- [COLLECTED DATA]:
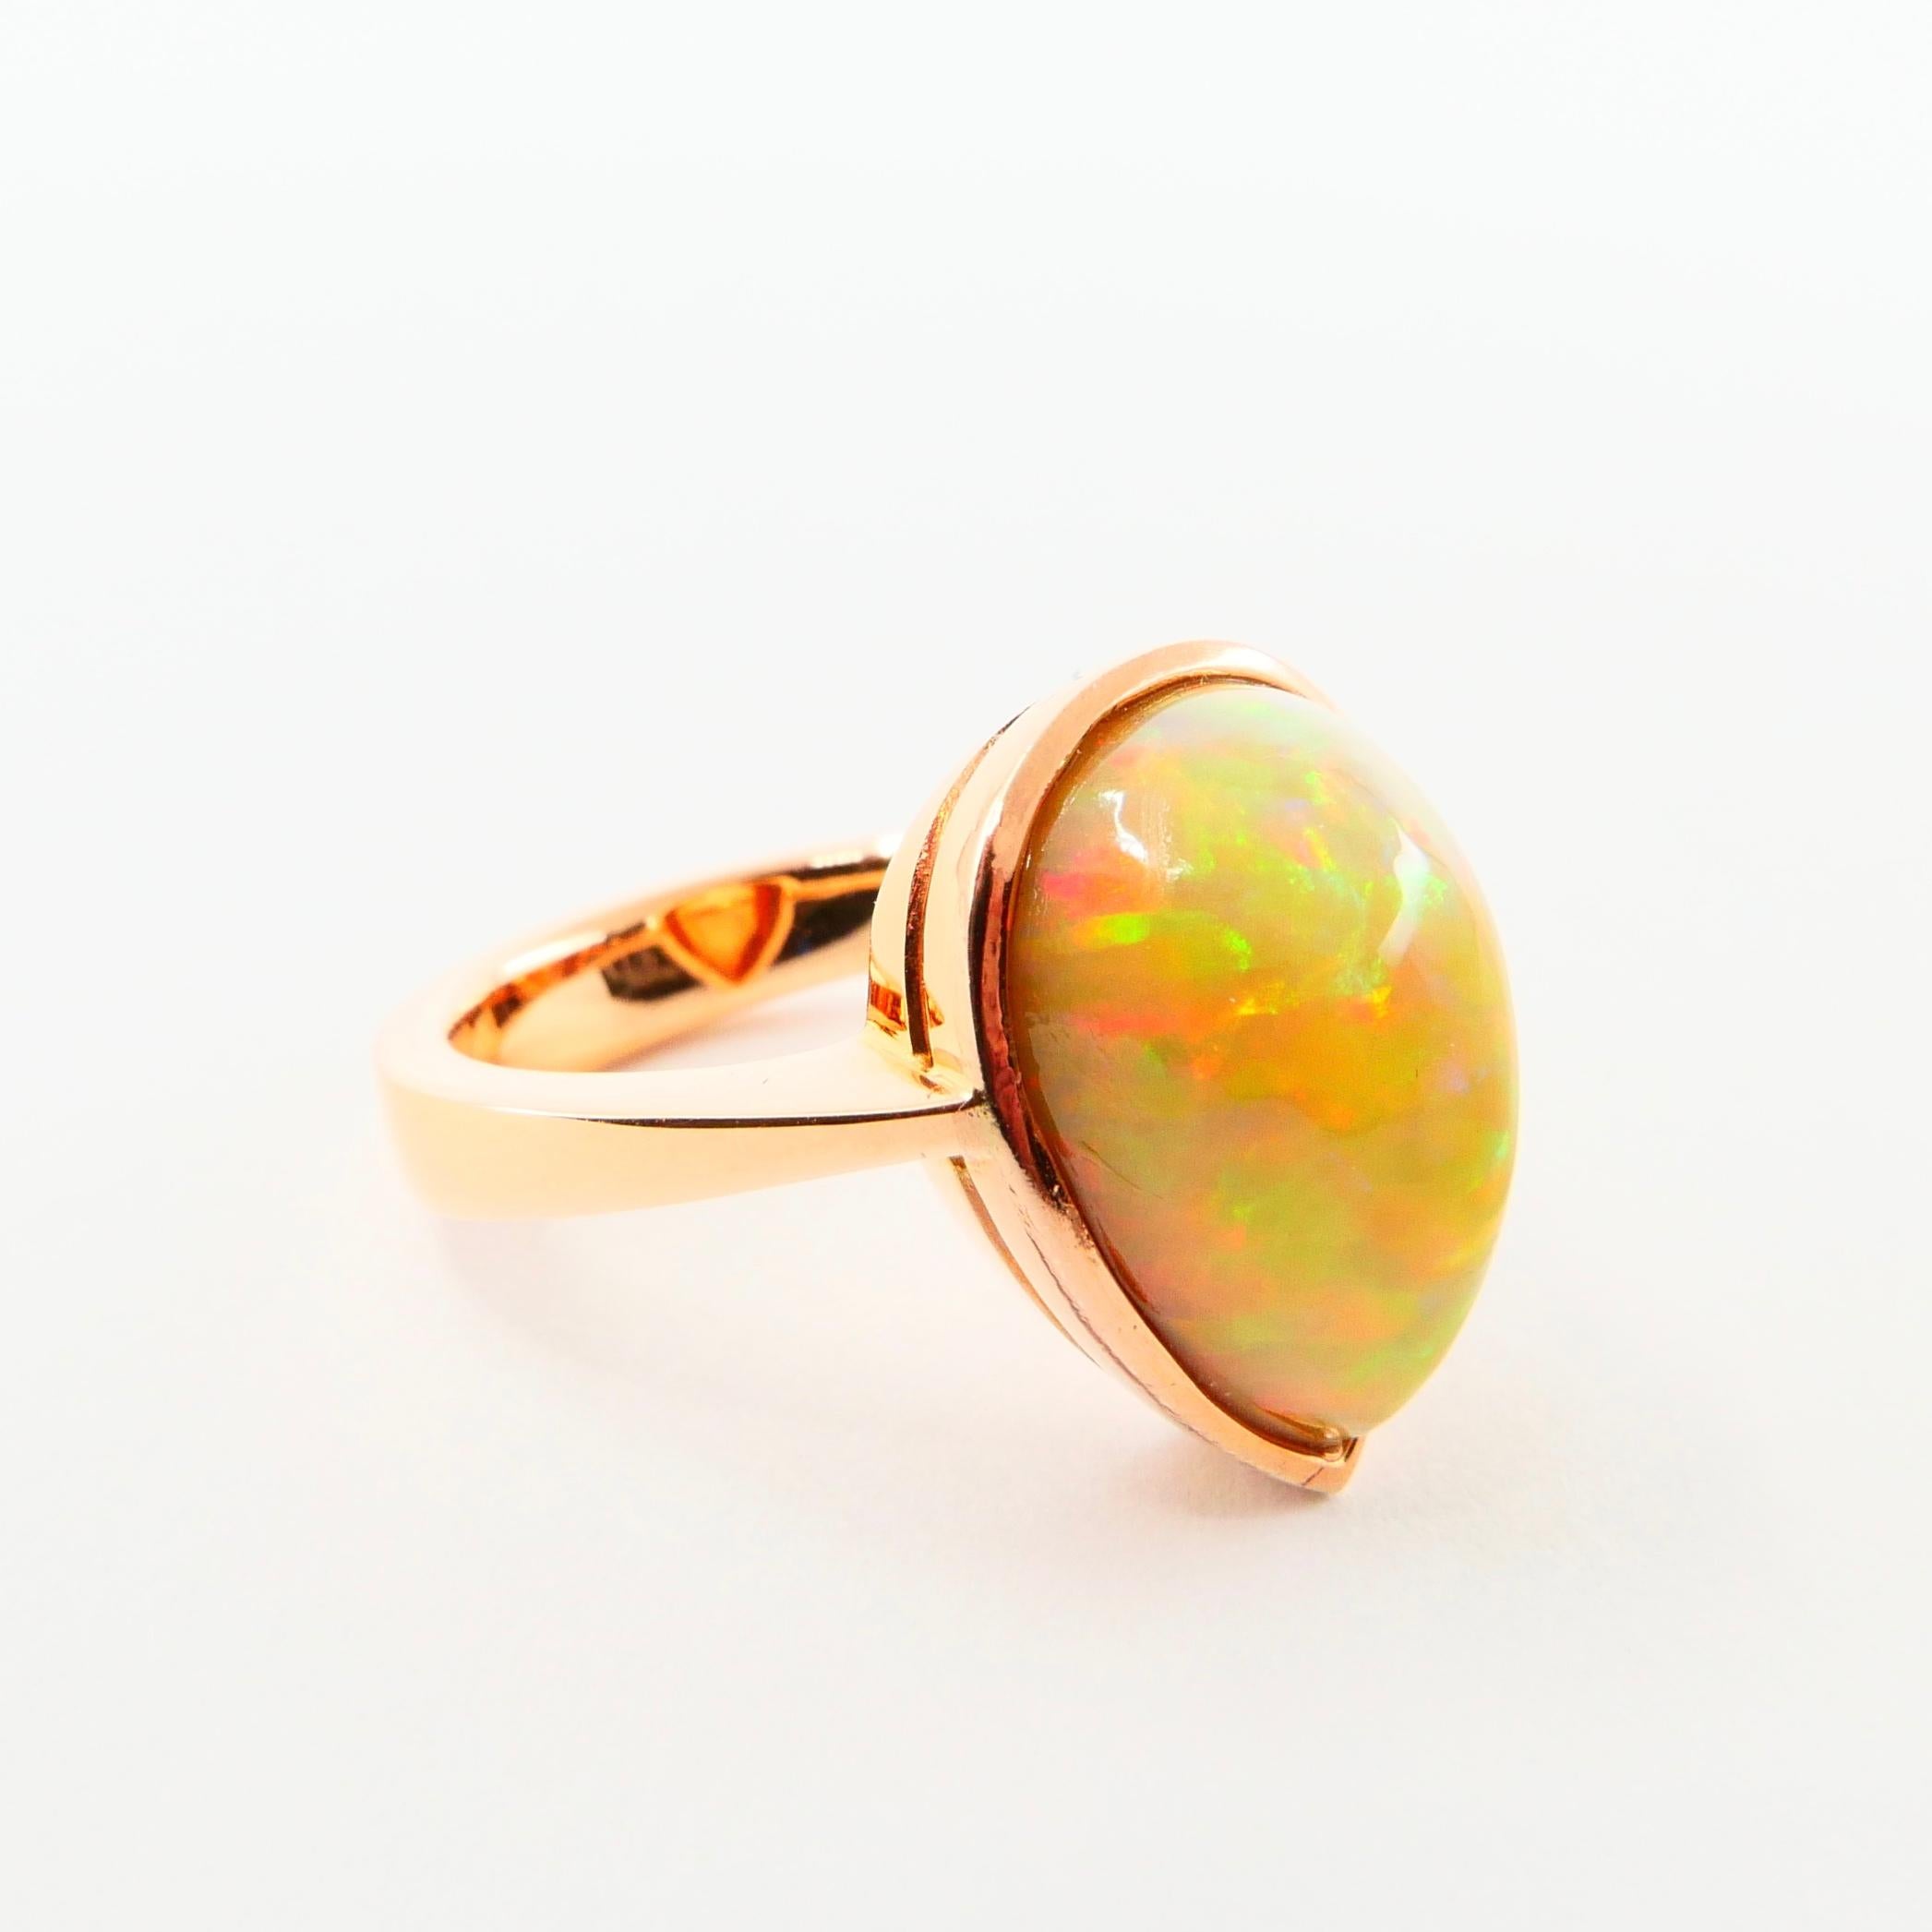 5.85 Carat Opal Ring Set in 18 Karat Gold Colorful Red, Green, Orange and Yellow 5
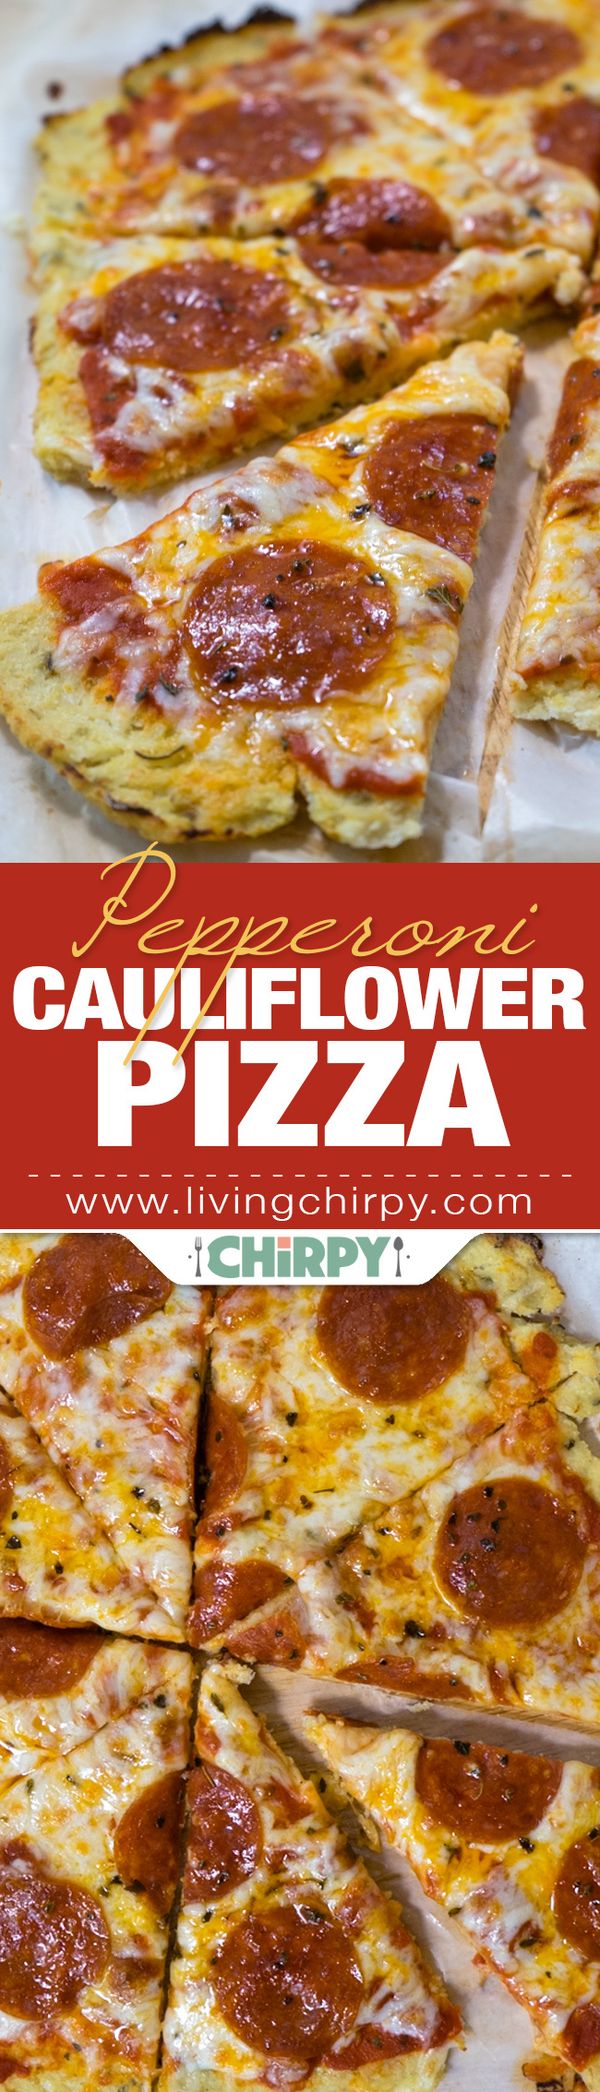 Pepperoni Cauliflower Pizza
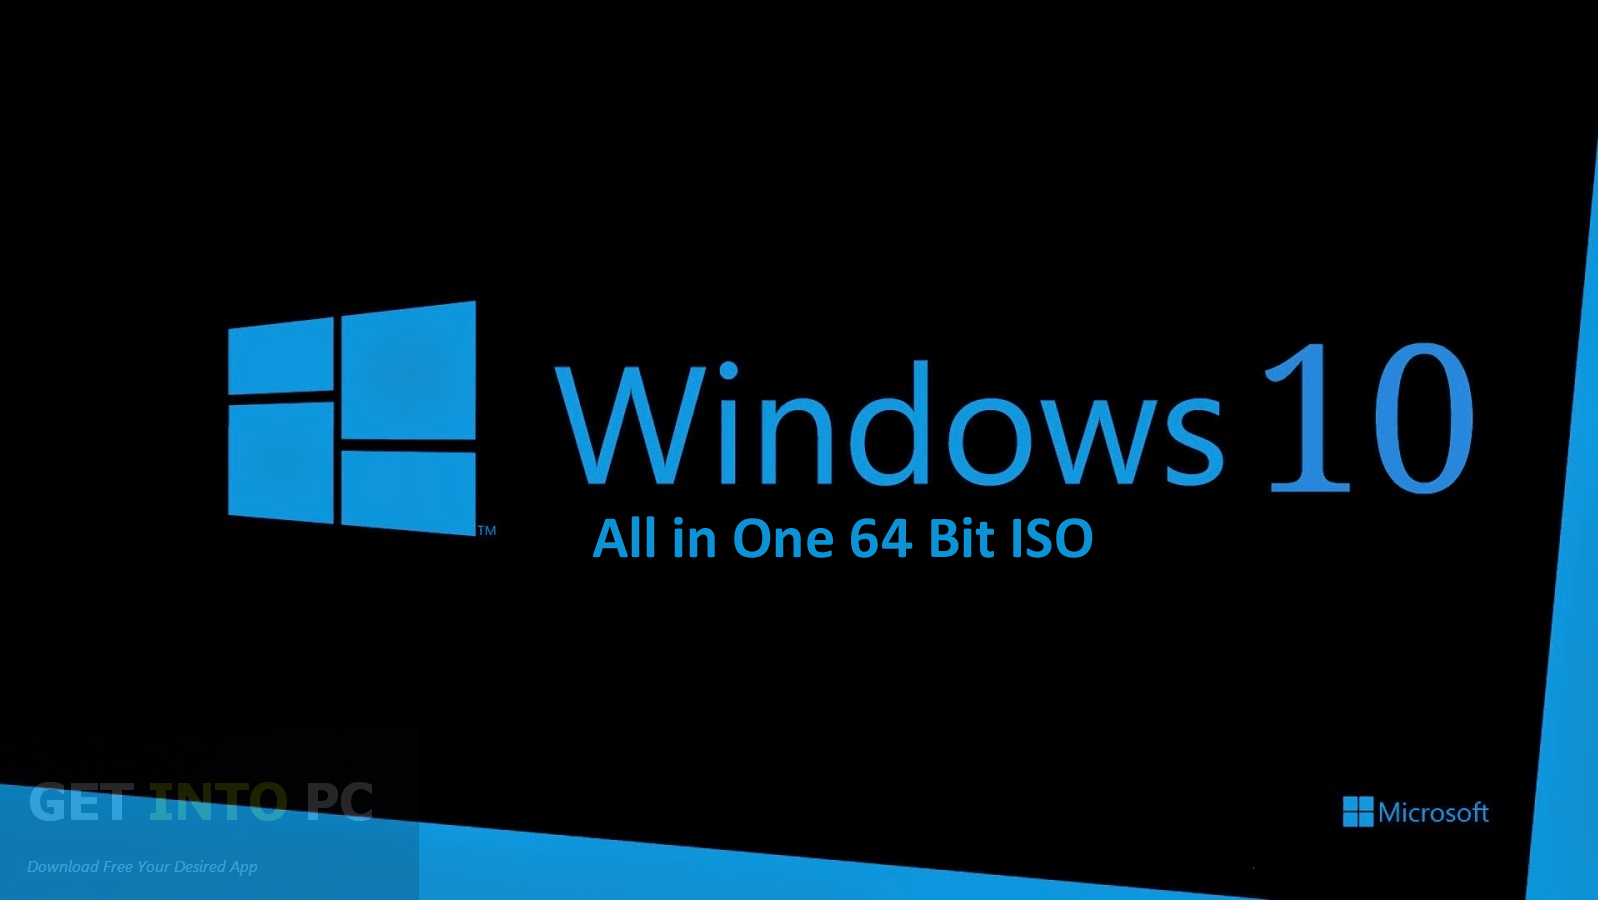 windows 10 pro iso download 64 bit free

- [TASK BRIEF]: Give the data again exactly, image-free.

- [RESULT]:
 5.85 Carat Opal Ring Set in 18 Karat Gold Colorful Red, Green, Orange and Yellow 5
 Pepperoni Cauliflower Pizza
 windows 10 pro iso download 64 bit free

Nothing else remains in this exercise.